- [Entries shown]:
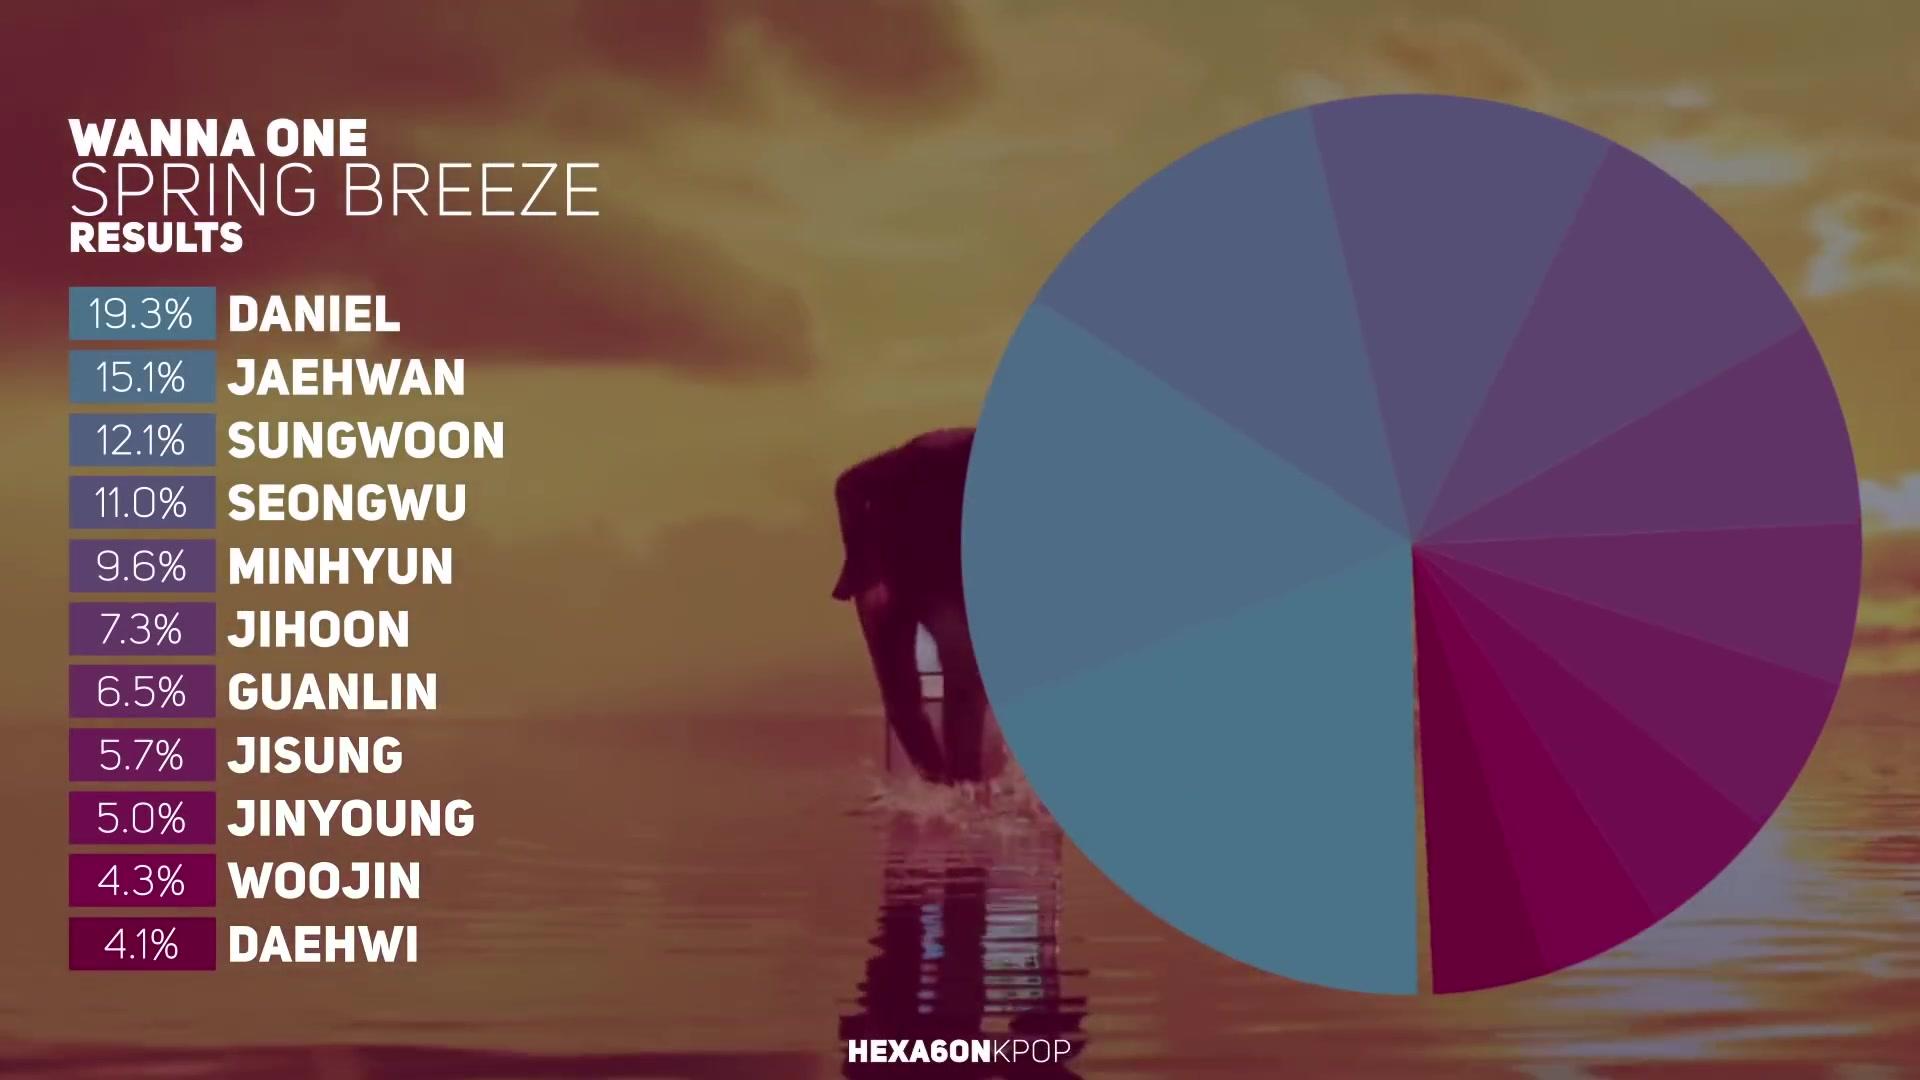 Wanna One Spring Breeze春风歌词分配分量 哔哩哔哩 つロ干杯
---
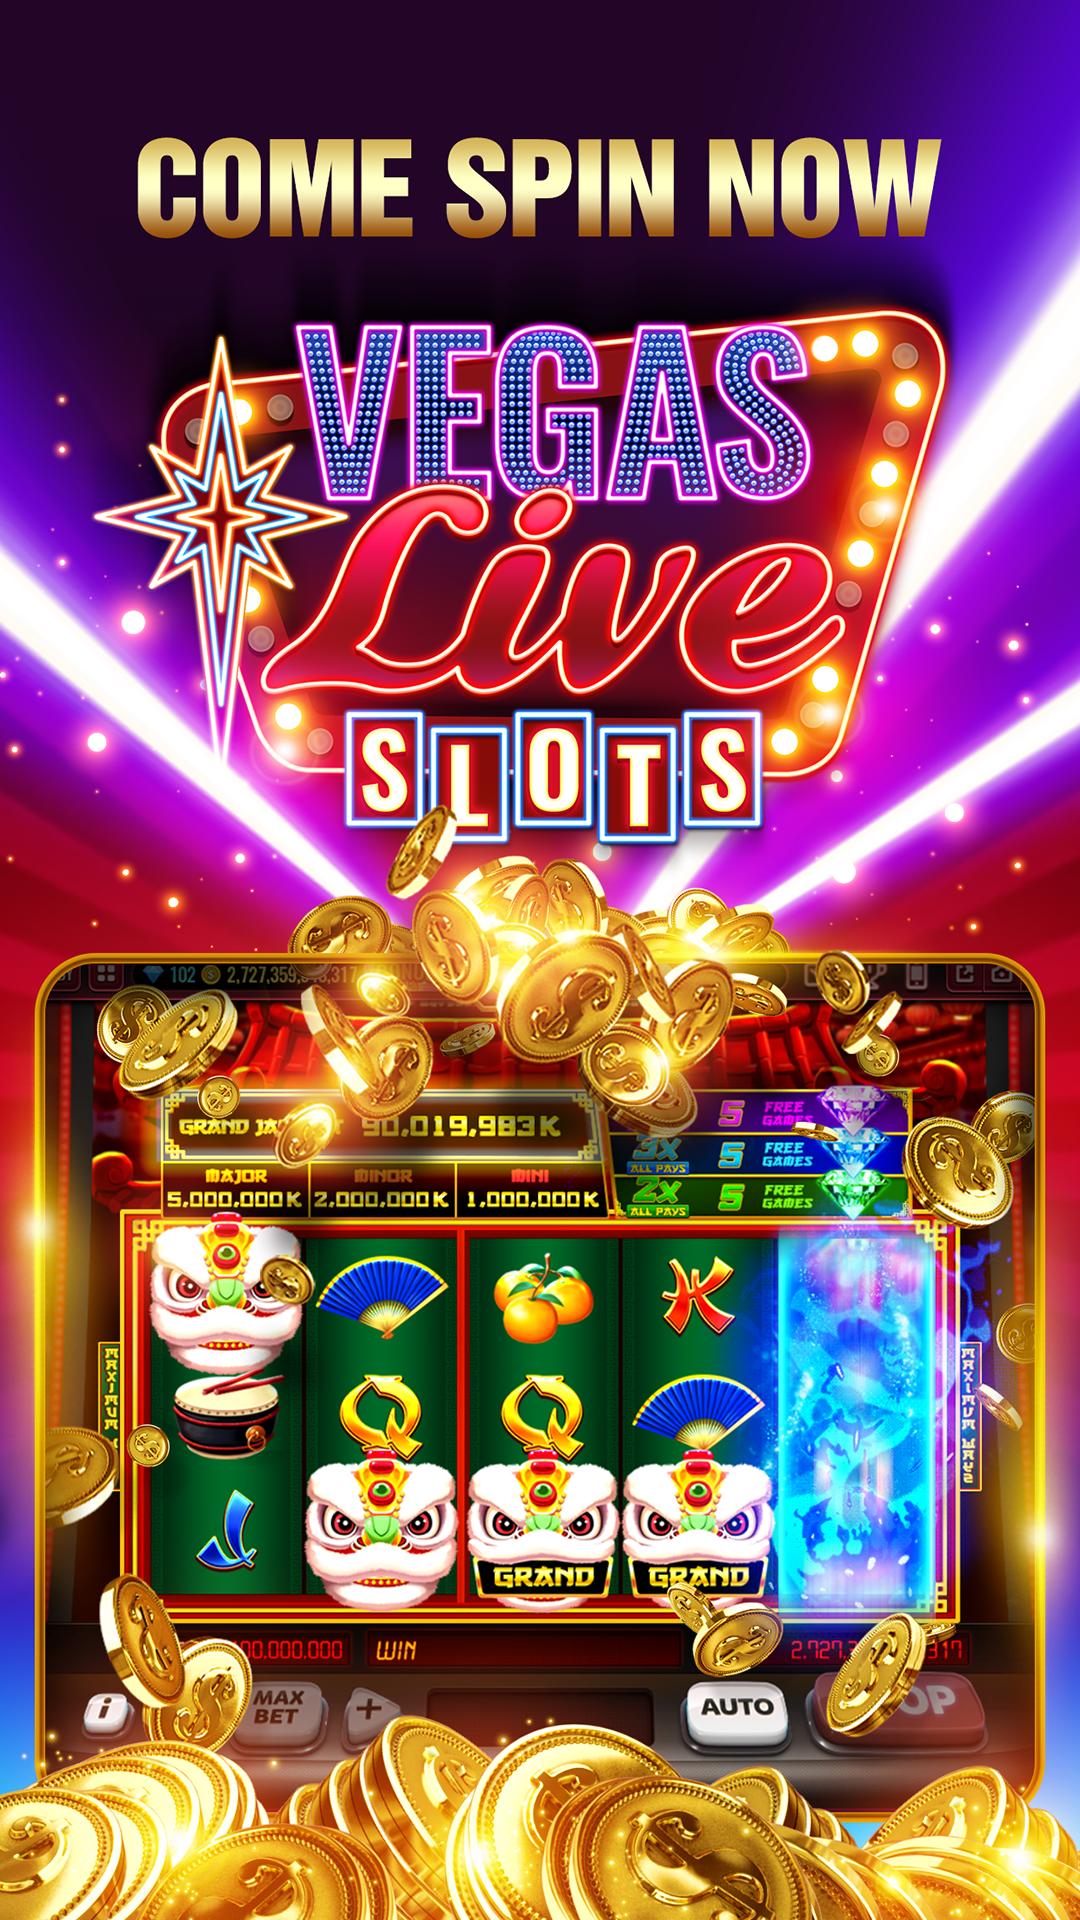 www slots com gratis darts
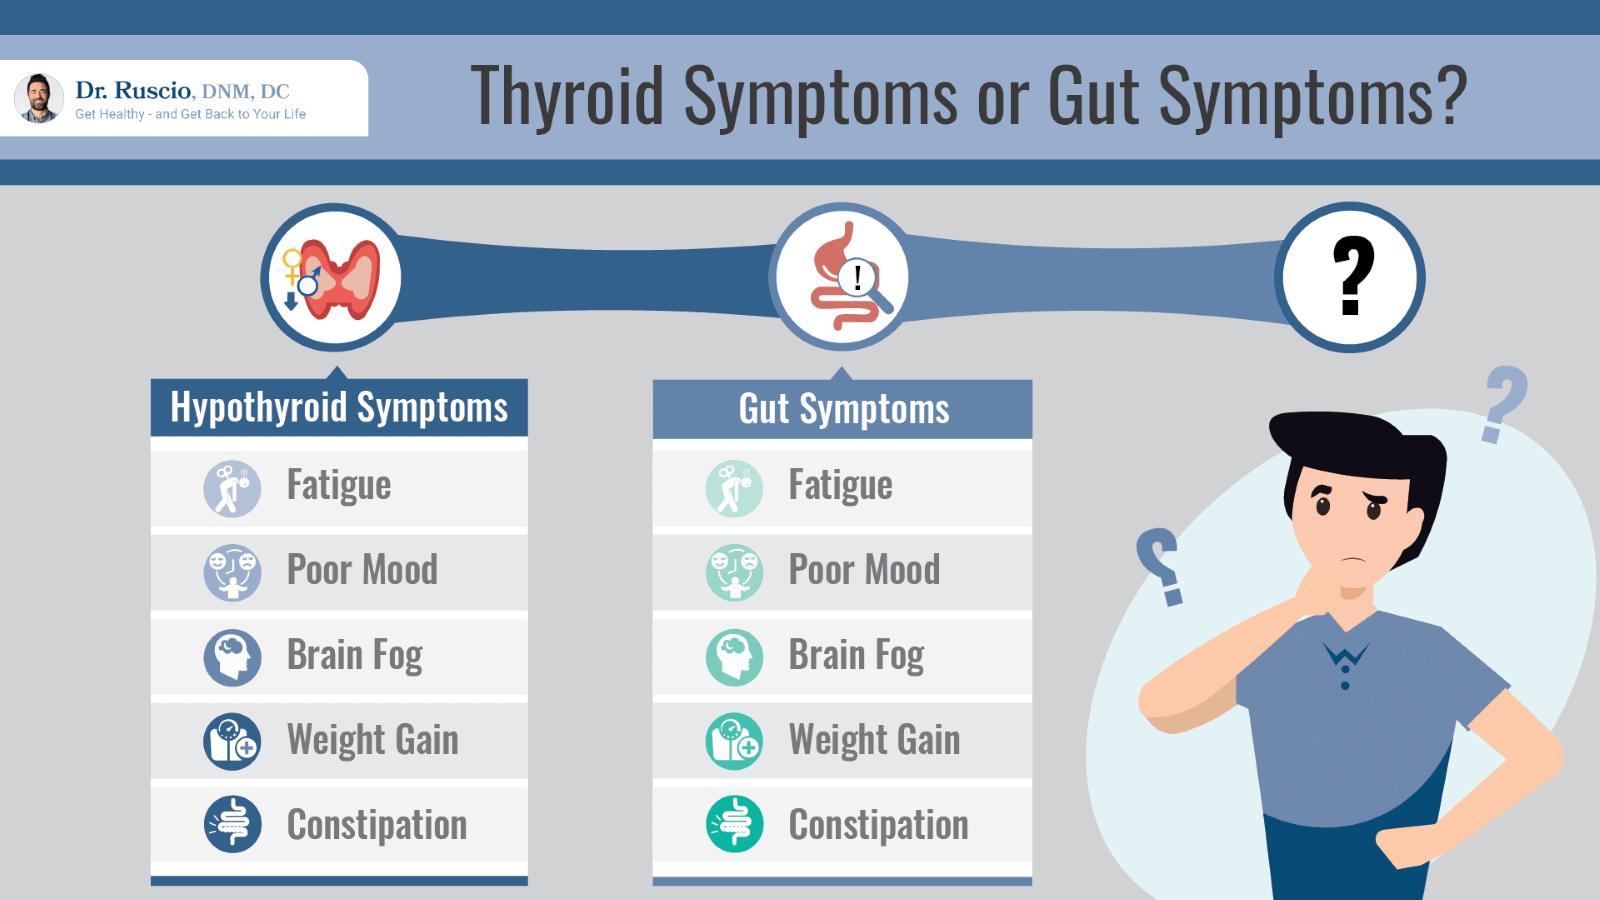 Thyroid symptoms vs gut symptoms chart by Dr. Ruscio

- [Task item]:
In the entries above, find the line containing "www slots com gratis darts" and the line containing "Thyroid symptoms vs", then copy both and every line between them exactly, without any picture.

- [Response area]:
 www slots com gratis darts
 Thyroid symptoms vs gut symptoms chart by Dr. Ruscio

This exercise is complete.